Interestingly, married patients are less likely to have BCSHM than unmarried women and have a lower risk of breast-related death. In addition, the lack of health insurance increases the incidence of BCSHM and the risk of death. These indicated that marital status and insurance status may affect how cancer patients get access to health services. It is conceivable that both unmarried and low-income patients have a more vulnerable support network, which may have contributed to the detection of their tumor only after it had metastasized. On the other hand, these factors may in turn affect access to advanced therapies and adequate diseases management. In fact, although the treatment of BC is becoming more effective, it also becomes more complicated and expensive at the same time. Some new drugs, such as monoclonal antibodies, immunomodulators and proteasome inhibitors, have recently been approved for advanced breast cancer and may further increase the cost of treatment and exacerbate these differences31.

Our research also involves several implications for future clinical research and practice.
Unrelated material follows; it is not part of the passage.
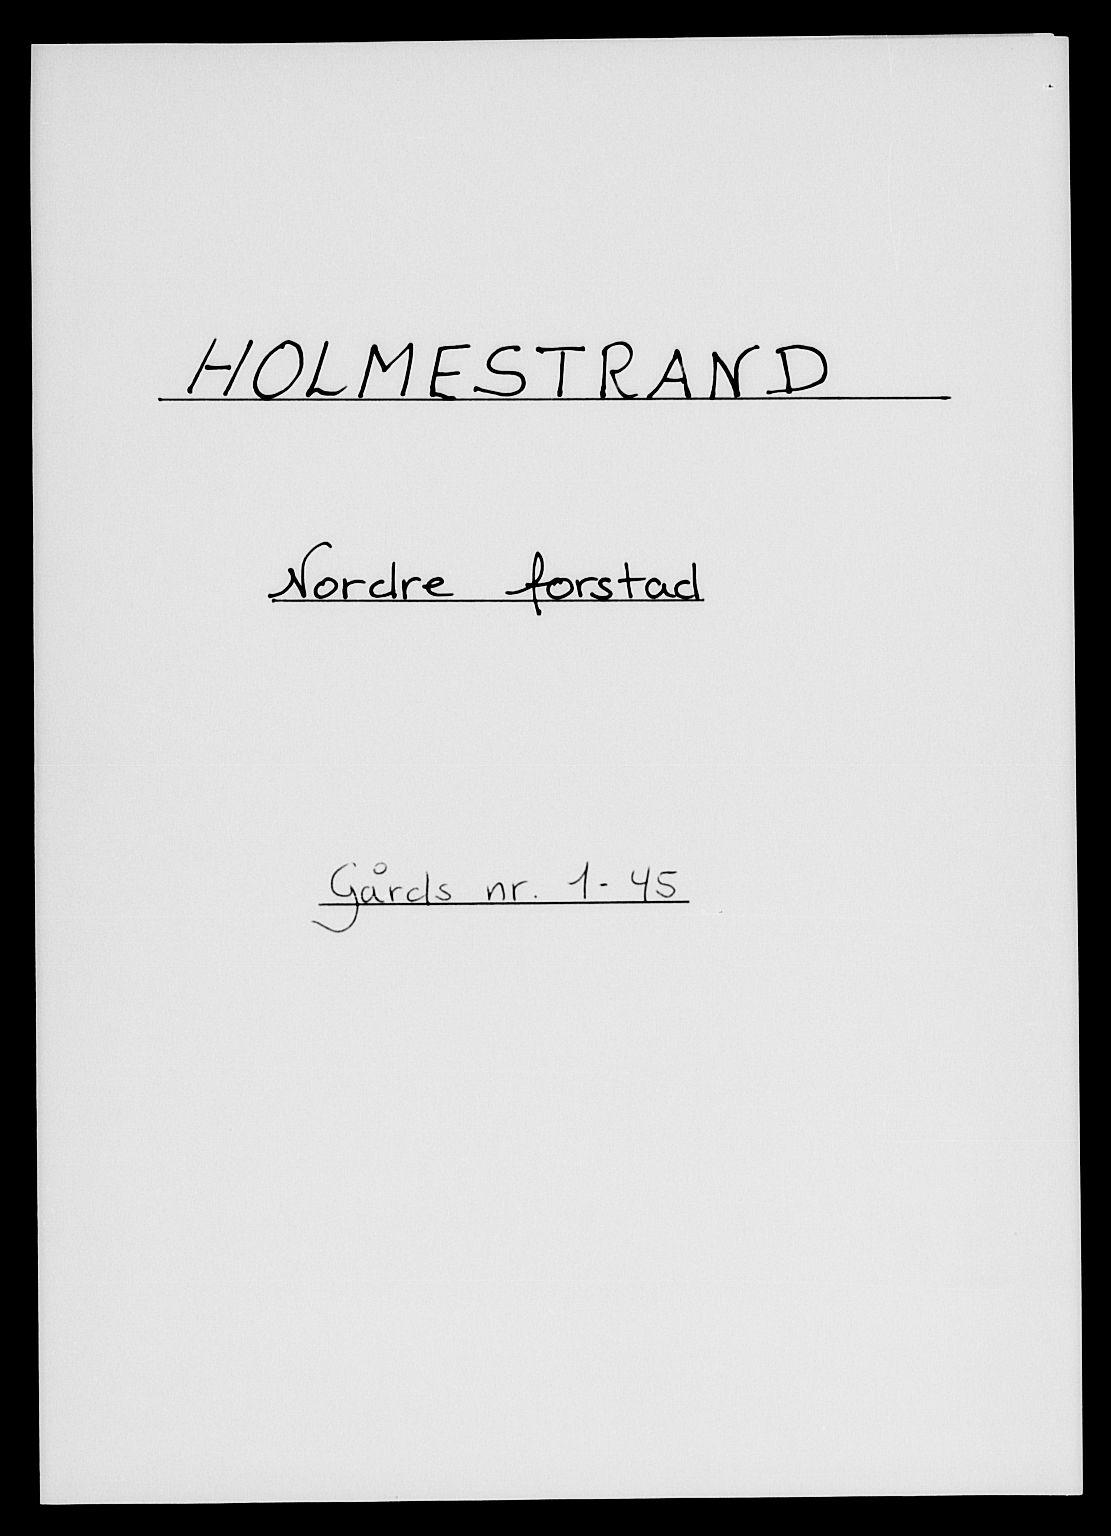 SAKO, 1885 census for 0702 Holmestrand, 1885, p. 1

First, special attention should be paid to the socio-demographic factors that increase the incidence and mortality of BCSHM. Our results show that black ethnicity, unmarried status, and uninsured status have a relatively higher risk of developing hepatic metastases and a high risk of death. In designing randomized controlled studies, researchers should pay attention to adjusting these confounding factors. Second, patients with unknown molecular typing have a higher risk of BCSHM and poorer survival and also indicating the important role of molecular type in guiding therapies. Unlike previous studies, our results show that younger patients with BCSHM have a better prognosis. Future research is needed to further evaluate and optimize the treatment and management of elderly patients with metastatic breast cancer.

We also acknowledge that this study is limited by its inherent nature. First, since the SEER database does not provide information on the number and size of hepatic metastases, we can not analyze the impact of the size and number of metastases on the prognosis of patients. Future research based on more complete databases should be used to address this important issue. Second, we were unable to evaluate the effect of treatment on the prognosis of patients with BCSHM, since information about liver surgery, endocrine therapy, and HER2-targeted therapy was not recorded in the SEER database, which may help to analyze some of the differences observed in survival based on prognostic variables. Finally, we were not able to analyze other important factors such as performance status, BMI index, and smoking status that may affect morbidity or prognosis because the SEER database did not provide these data.

Conclusions

In conclusion, about 1.43% of BC patients have BCSHM. The incidence and prognosis of BCSHM vary with age, ethnicity, and subtype. Young patients with HER2+ tumors had higher risk for developing BCSHM, but with better prognosis. Advanced age and triple-negative subtype predict worse prognosis. Low socioeconomic status is associated with an increased risk of hepatic metastases and worse prognosis.